Data excerpt:
————————
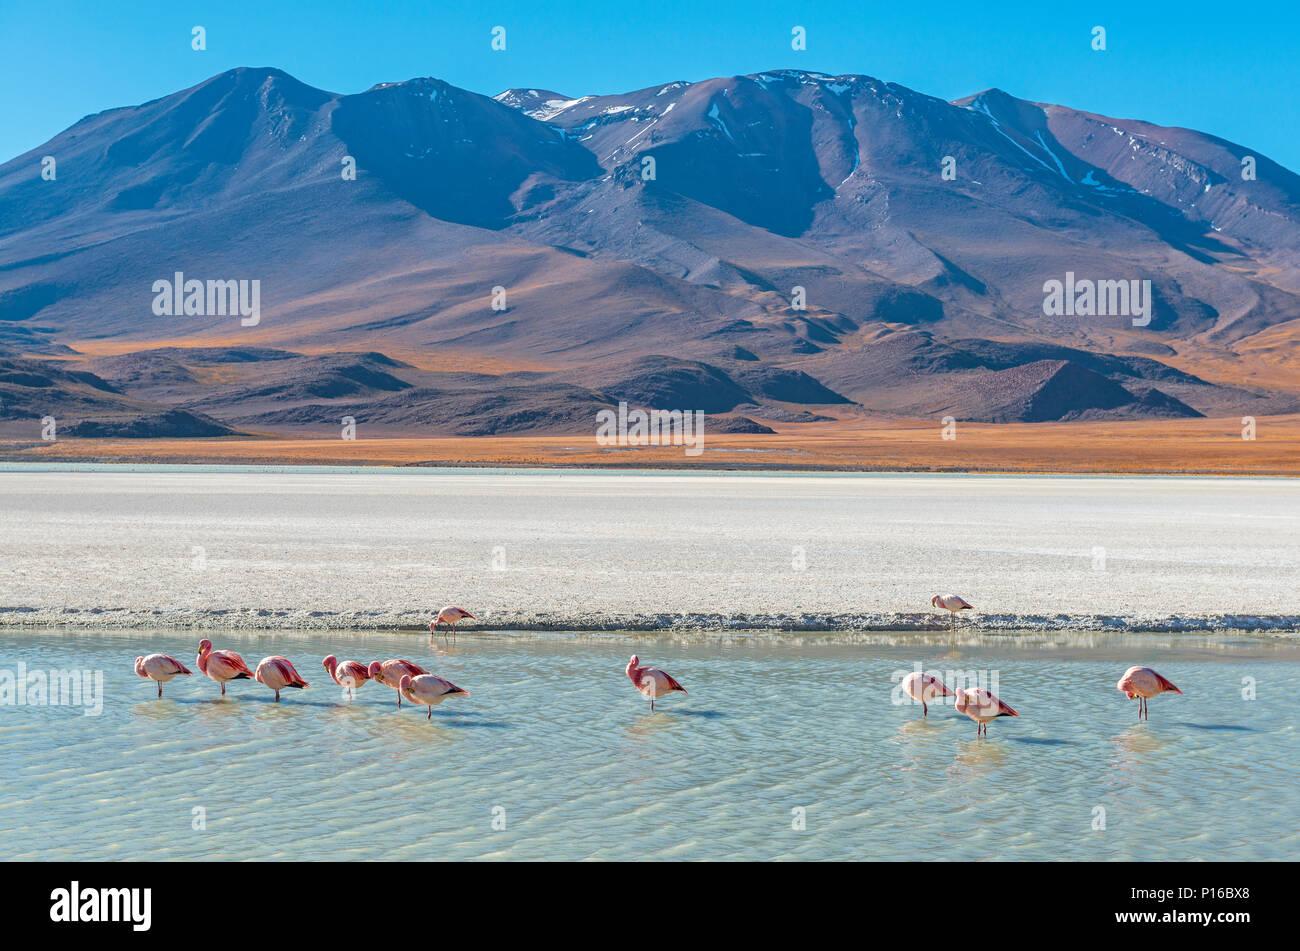 Photographie de paysage avec quelques centaines de flamants du Chili et James dans la lagune Canapa dans la gamme de montagne des Andes près de la télévision sel Uyuni, Bolivie Photo Stock
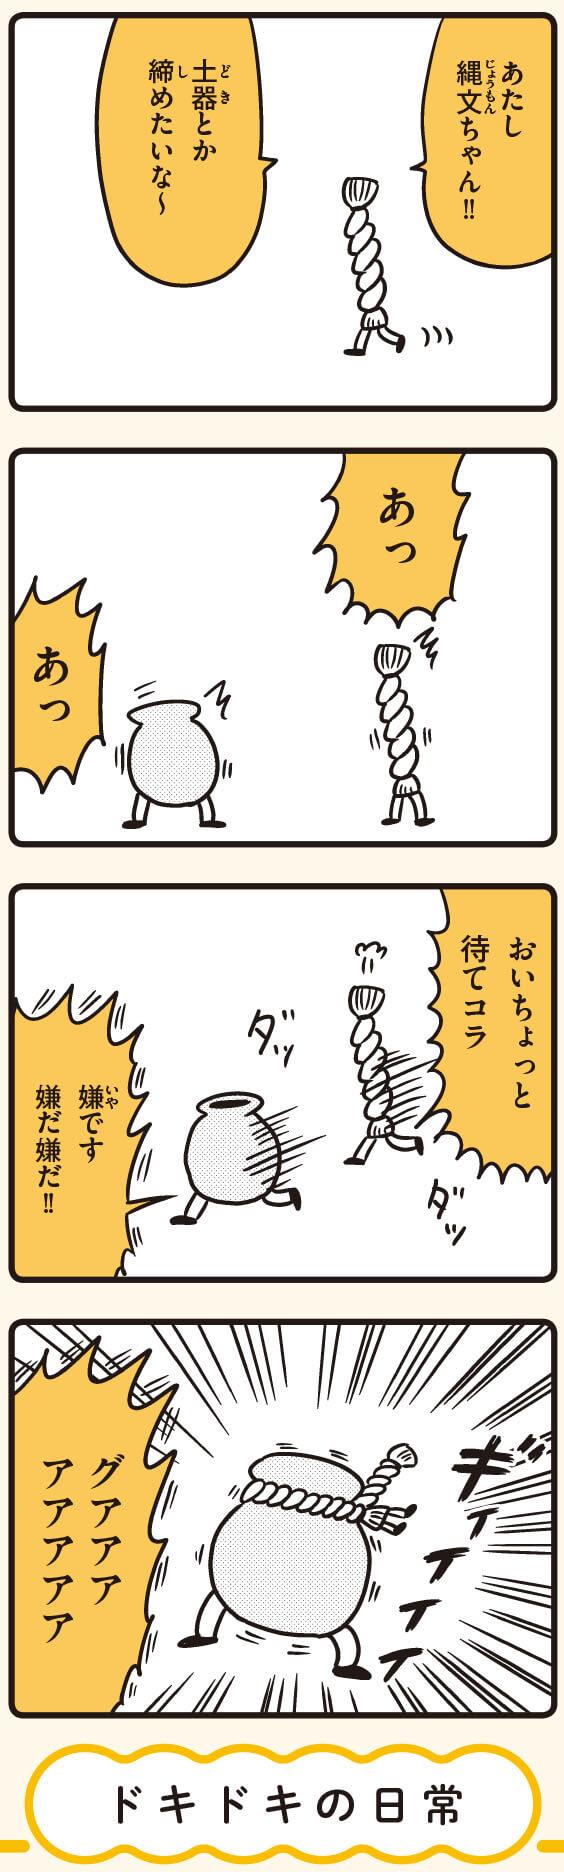 009-034-ゆる4-歴史01章.indd
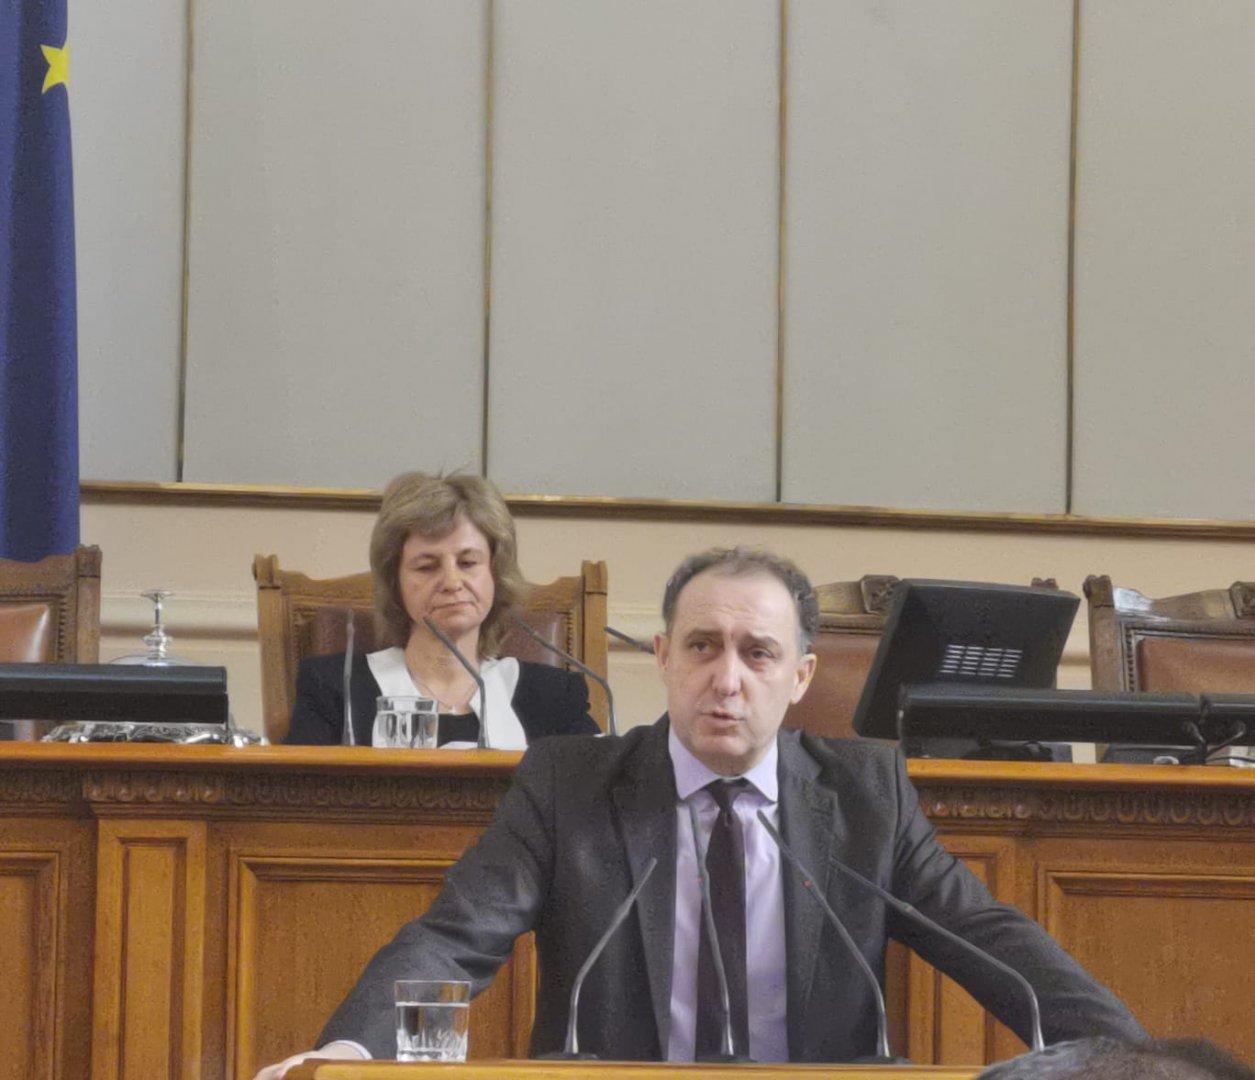 Промените се отнасят за Четвъртия железопътен пакет, заяви Вълков
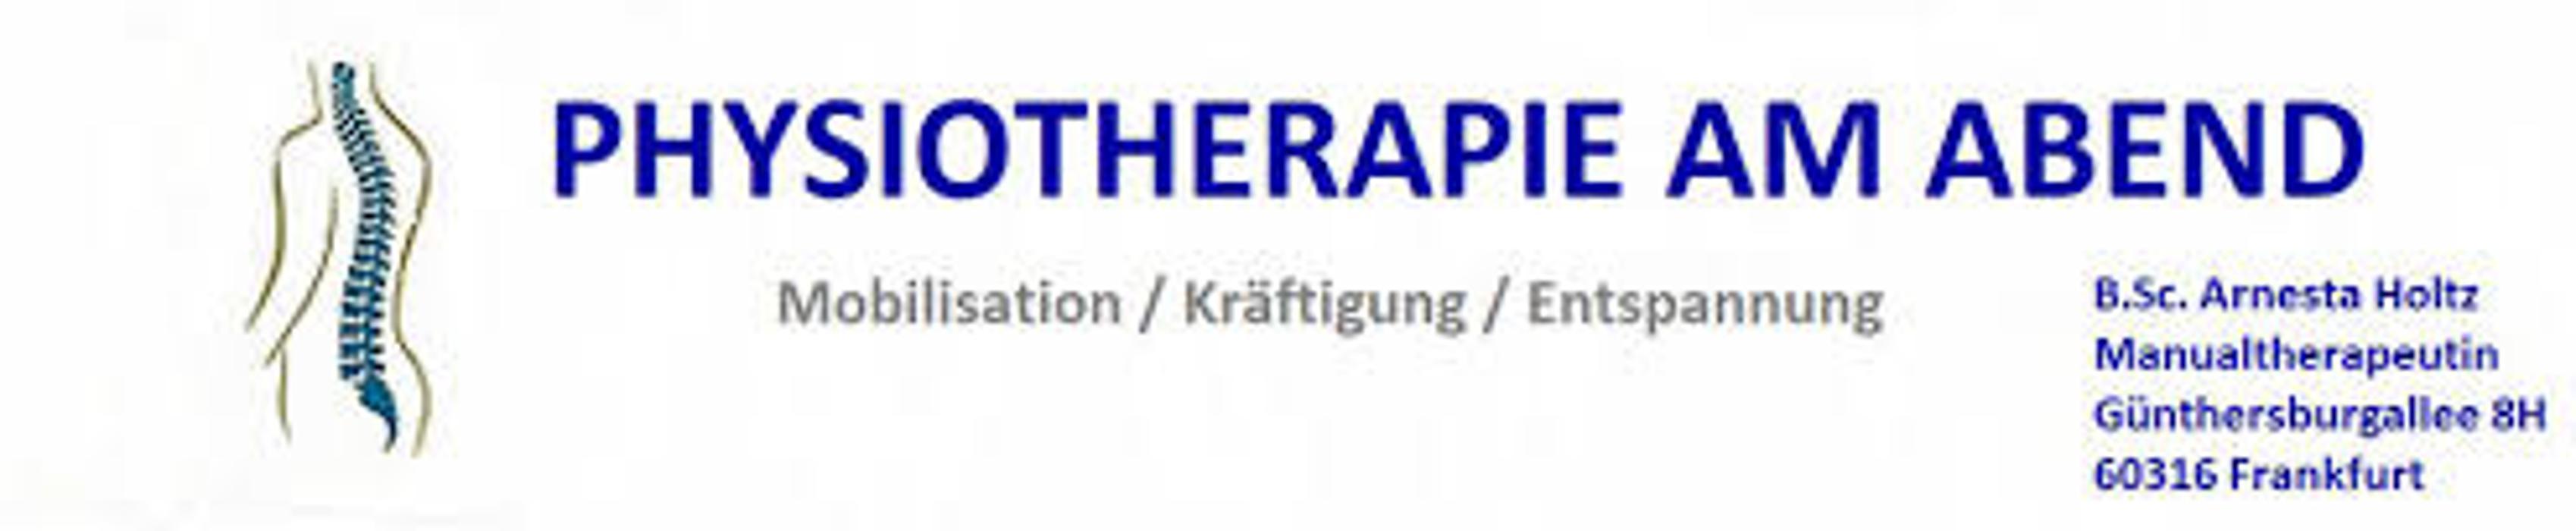 Bild zu Physiotherapie am Abend in Frankfurt am Main
————————
Your goal: The job is to return the listing above exactly, minus its pictures.

Solved problem:
 Photographie de paysage avec quelques centaines de flamants du Chili et James dans la lagune Canapa dans la gamme de montagne des Andes près de la télévision sel Uyuni, Bolivie Photo Stock
 009-034-ゆる4-歴史01章.indd
 Промените се отнасят за Четвъртия железопътен пакет, заяви Вълков
 Bild zu Physiotherapie am Abend in Frankfurt am Main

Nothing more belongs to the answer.